Pediatric patients have distinct challenges in the diagnosis and management of uveitis, secondary to difficulties in performing ophthalmic examinations in young children, delayed diagnosis due to lack of adherence with recommended screening schedules, medication side-effects, and increased burden of disease into adulthood (11,12). Measurement of outcomes in pediatric uveitis has traditionally relied upon the ophthalmic examination and general quality of life (QOL) measures. However, the ophthalmic examination does not take into account the impact of uveitis on a child’s QOL and general QOL measures do not adequately assess the specific effects of vision. A comprehensive assessment that includes vision-specific measures allows for better understanding of the true impact of uveitis in children.
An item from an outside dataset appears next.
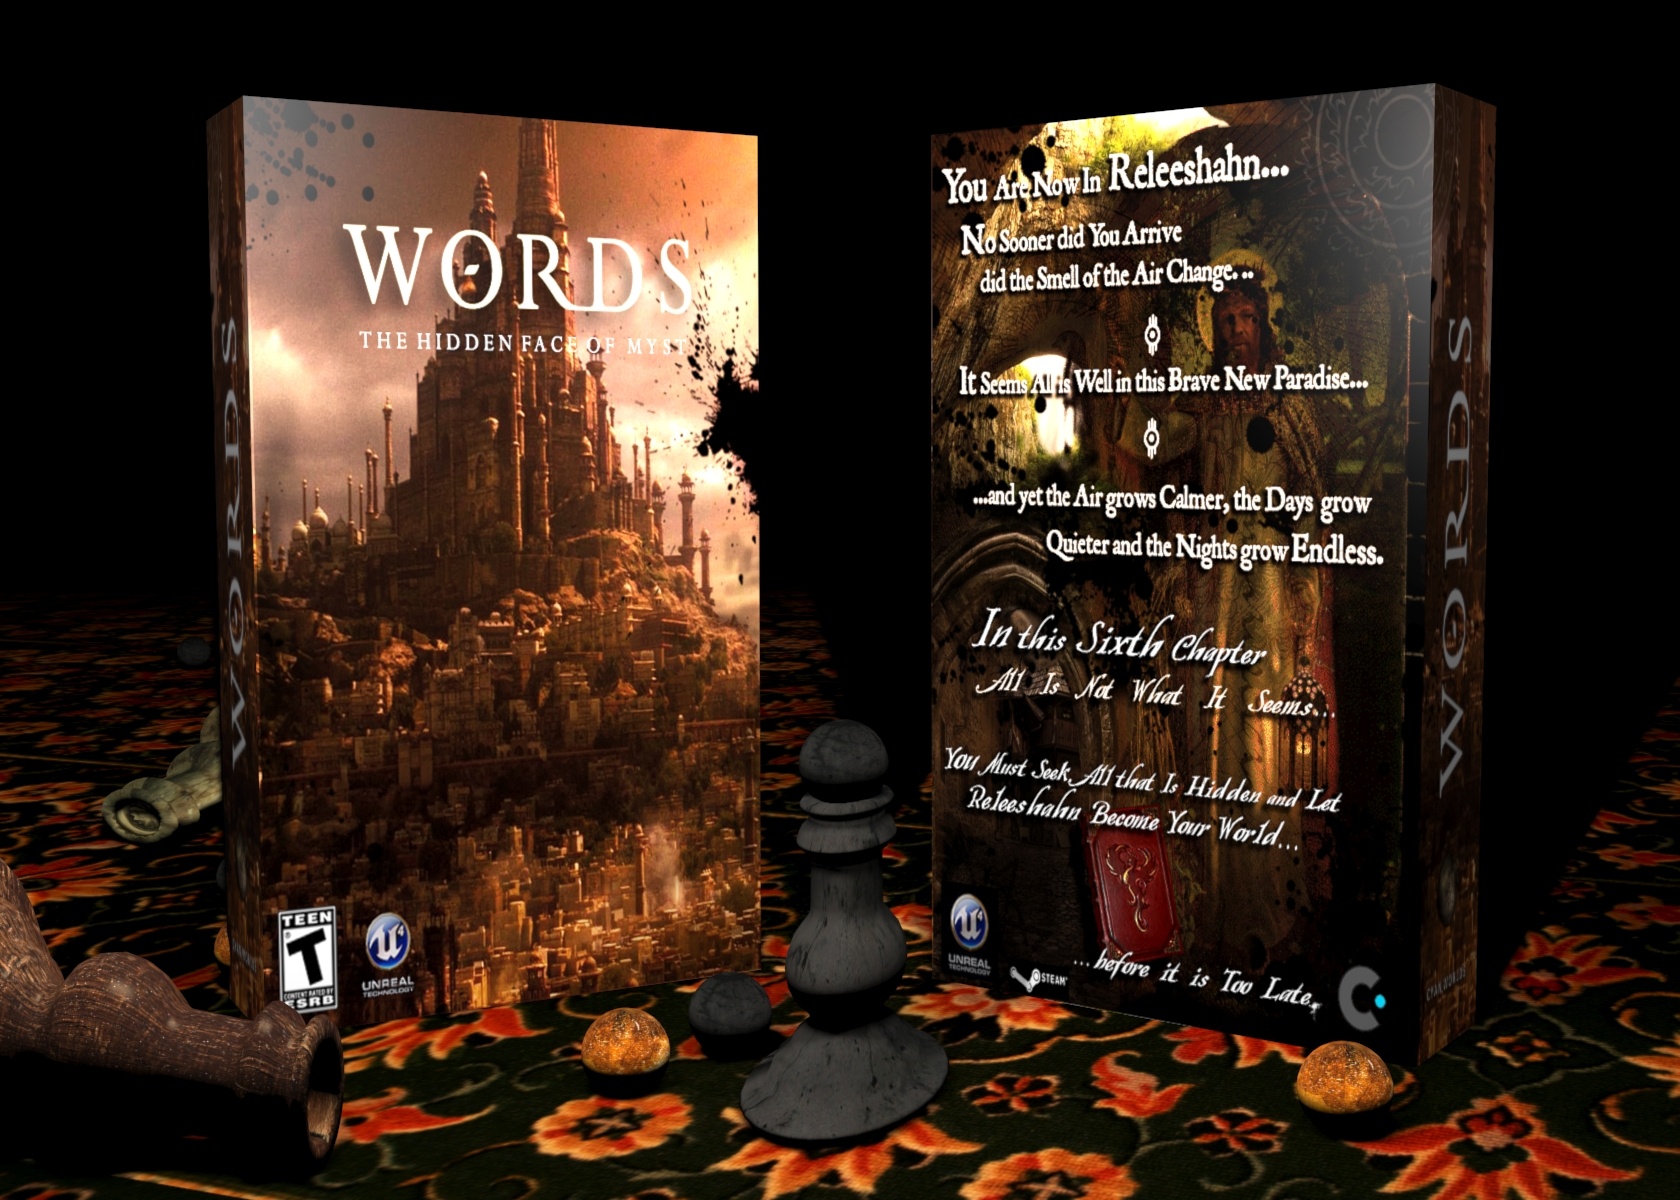 Words:  The Hidden Face of Myst box cover

For this review, we describe traditional outcome measures in uveitis studies, general QOL measures and vision-specific measures in adults and in children.
The ophthalmic examination, visual acuity (VA), and traditional outcome measures in uveitis
The ophthalmic examination is one of the primary measures of outcomes in children with uveitis and influences therapeutic decision-making. Anterior chamber (AC) cells indicate ocular inflammation, VA indicates visual impairment, and the presence or development of ocular complications indicates ocular damage.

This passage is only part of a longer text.